One way to reconstruct the learning process is to recover its primitive steps. In object-oriented parlance, these steps are called refactorings and consequently this pattern tells you how to recover refactorings like they have been applied in the past. The technique itself compares two subsequent releases of the source code identifying entities that decrease in size, because that’s the typical symptom of functionality that has been moved elsewhere.
We ran an experiment on three medium-sized systems implemented in Smalltalk. As reported in [DDN00], these case studies suggest that some simple heuristics can support the reverse engineering process by focusing attention on parts of the system where functionality has been removed. This way, we could for instance detect where a class had been split or where methods have been moved to a sibling class. Of course these refactorings must be examined in further detail to guess the intent behind the refactoring. This is never easy but in our experience has proven worthwhile. In one particular case for instance, we discovered several classes where methods had been moved to sibling classes. Closer examination revealed that the reengineer was moving these methods to break circular dependencies and was in fact introducing a layer.

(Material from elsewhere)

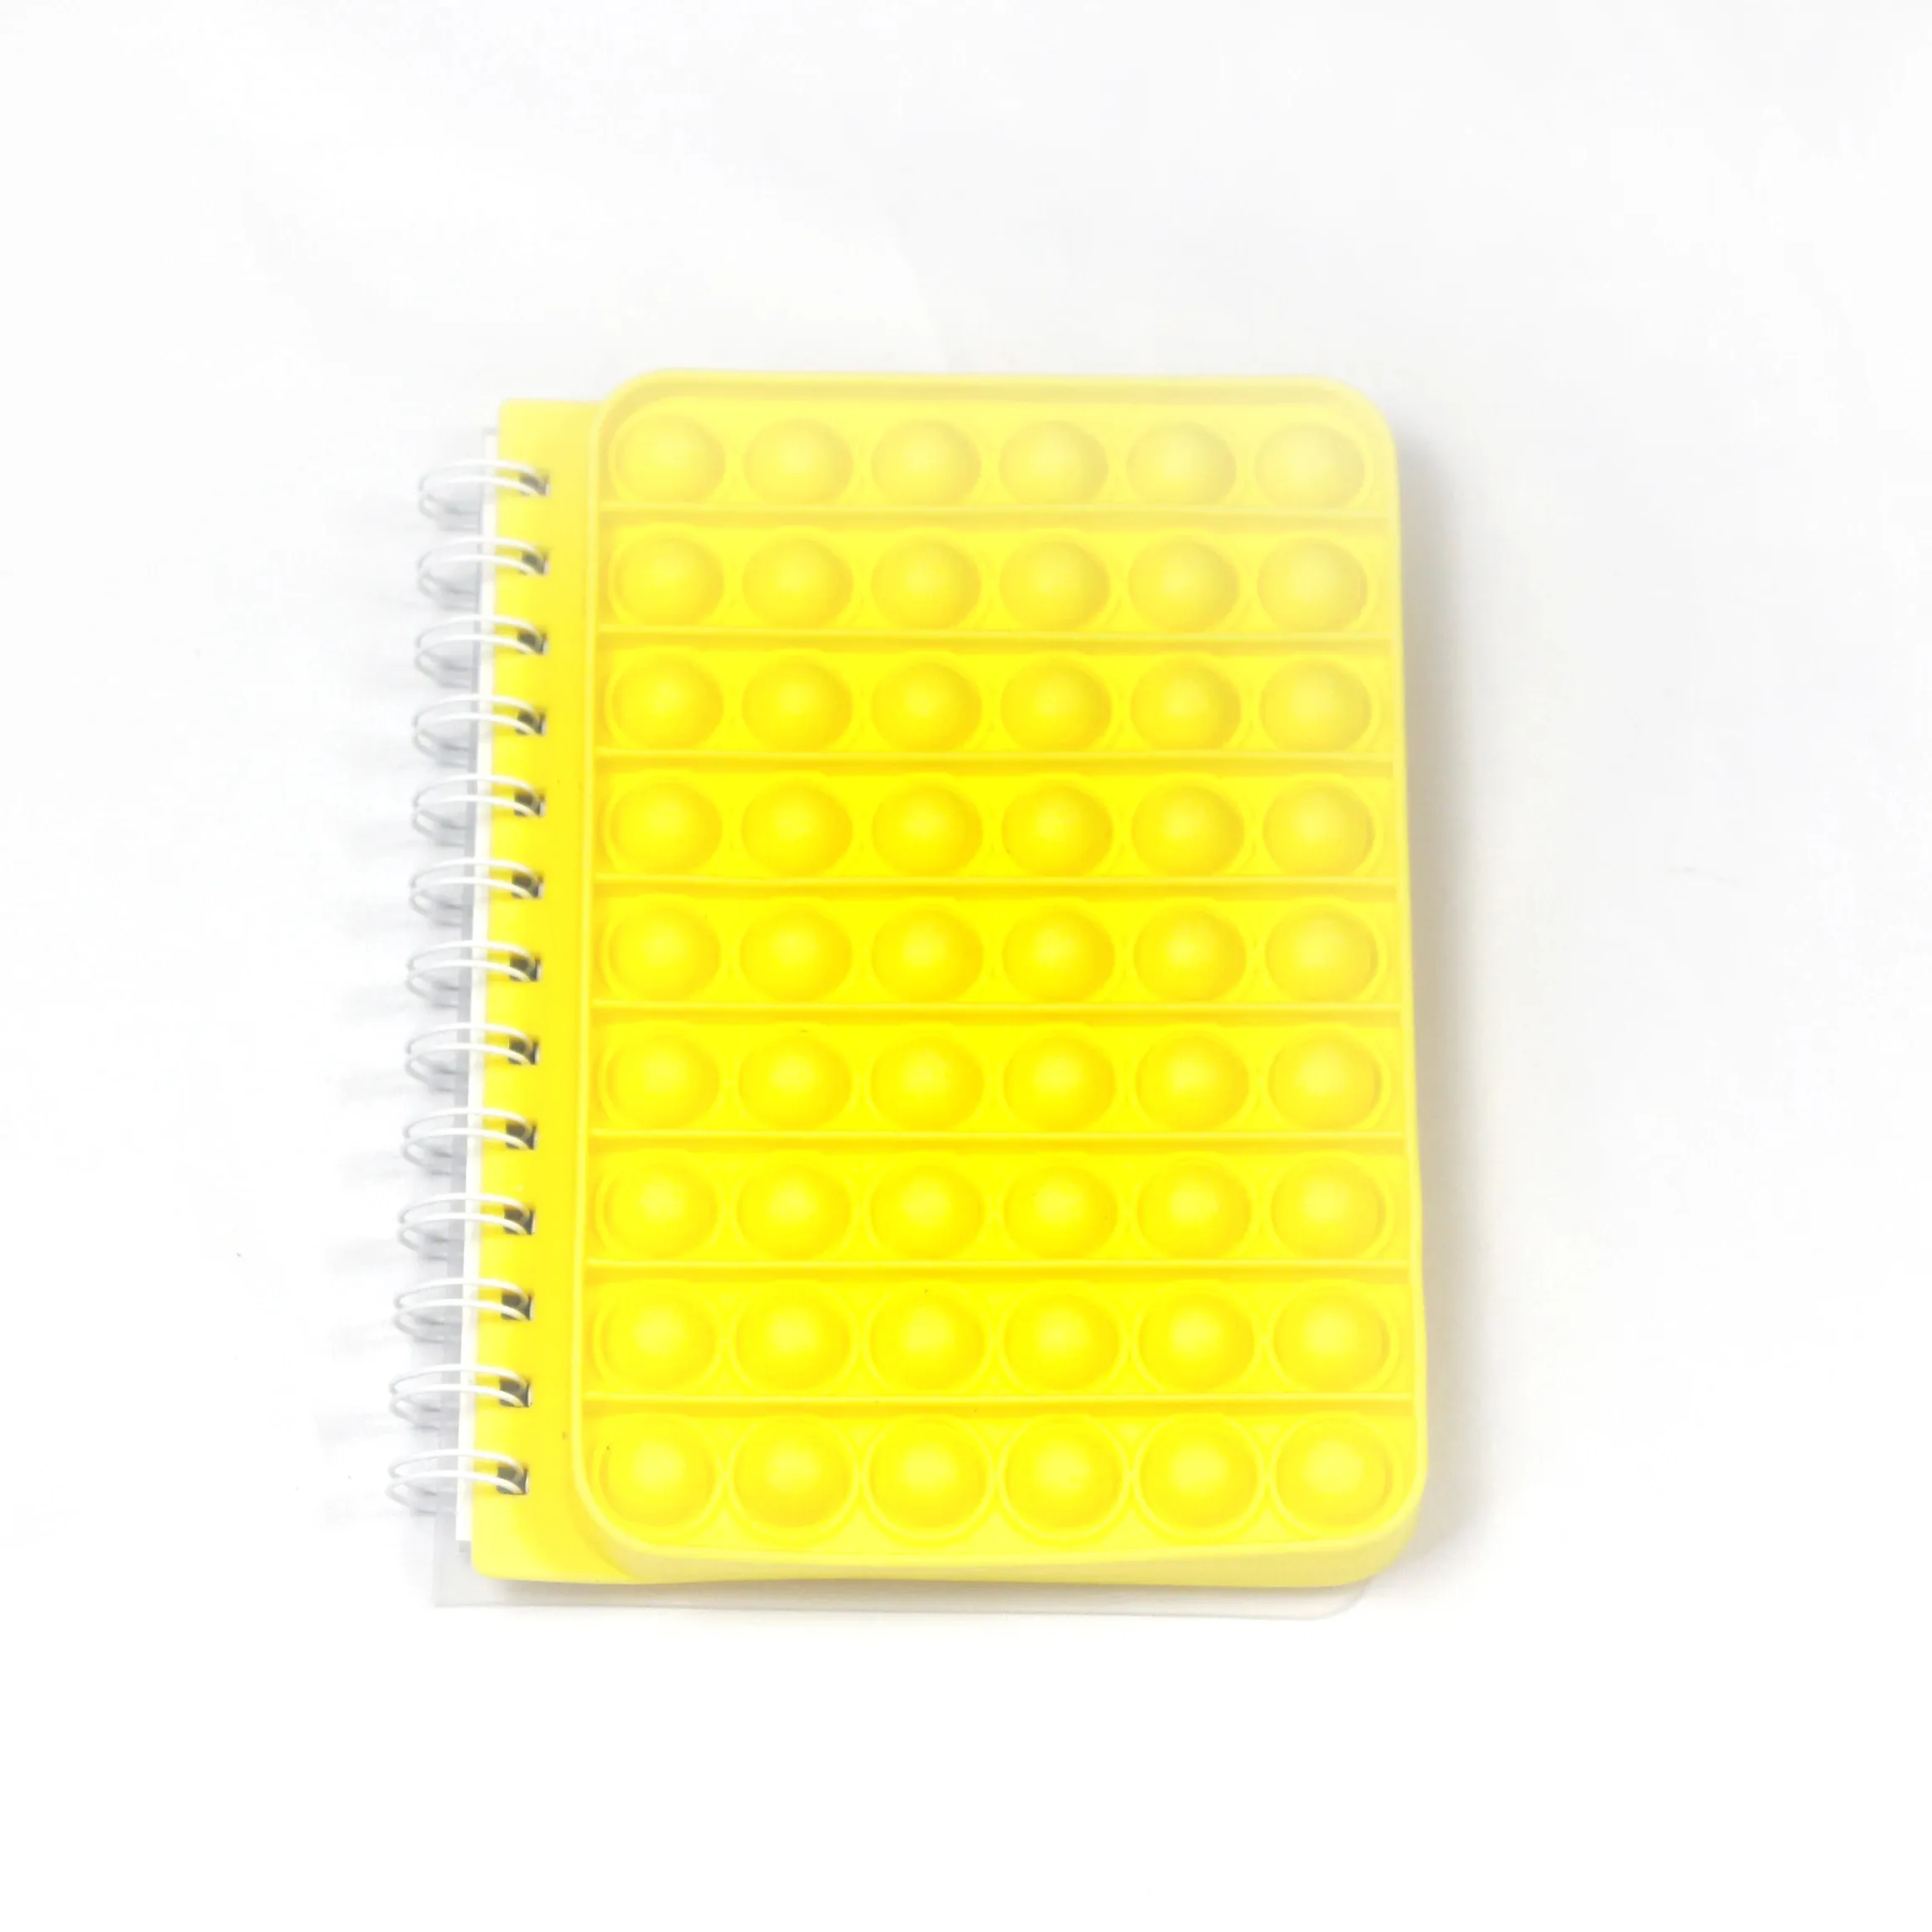 Soododo Notebook koil dekompresi kuning XDB-0039 untuk alat tulis sekolah dan kantor
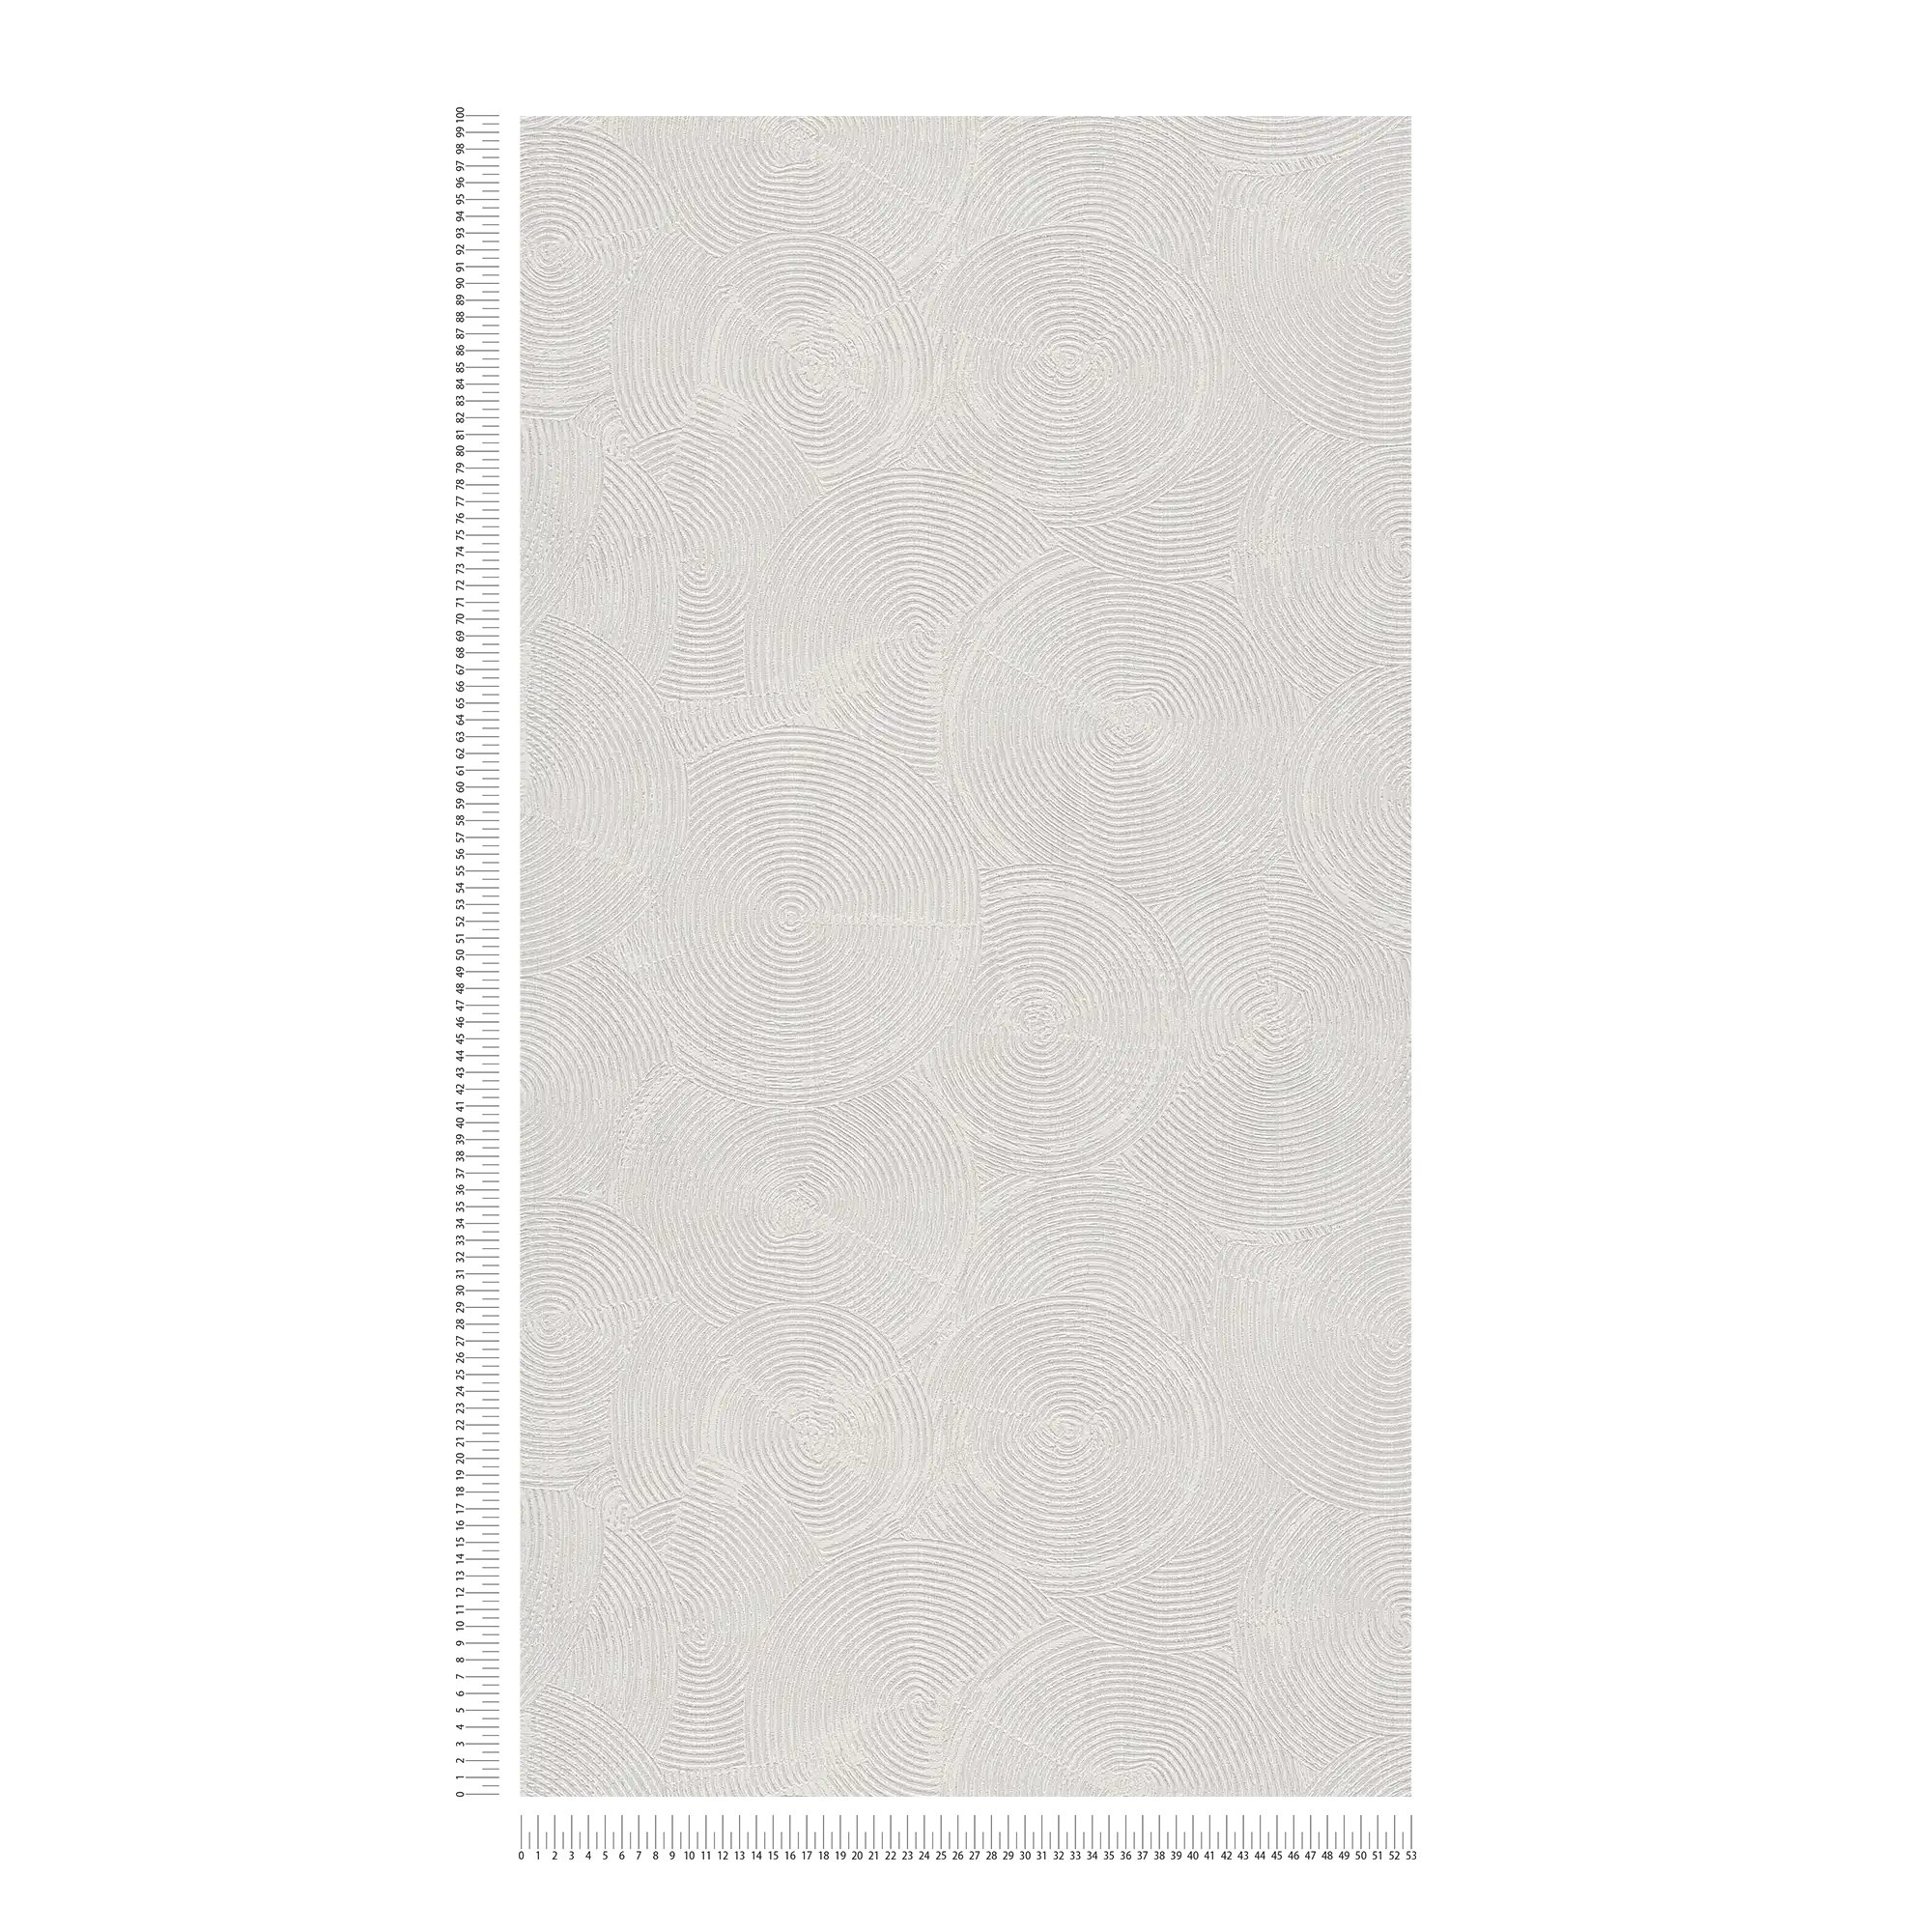             Papier peint à l'aspect plâtreux moderne & accents métalliques - gris, métallique, blanc

Other researchers also report on examining changes to support the reverse engineering process. For instance, Ball et al. annotate code views with colors showing code age [BE96]. On the other hand, Jazayeri et al. use a three-dimensional visual representation for examining a system’s software release history [JGR99]. The same people have also investigated which change requests affect which software modules to detect logical dependencies between software modules [GHJ98].
Now that you discovered some stable parts in the design, you will probably want to reuse them. In that case take some precautions: first document the interfaces of that part (see Look for the Contracts) and then write the corresponding test cases (see Test the Interface, Not the Implementation).
On the other hand, the unstable parts of the design should probably be dismissed. Nevertheless, if the unstable part seems crucial for your reengineering project, then you must seek which change requests caused the instability. In that case, Chat with the Maintainers or even Interview During Demo and based on this knowledge decide how to restructure that part so that it is better suited for the kind of change requests that come in.
- Note that some configuration management systems keep track of renaming operations which will of course alleviate the problem.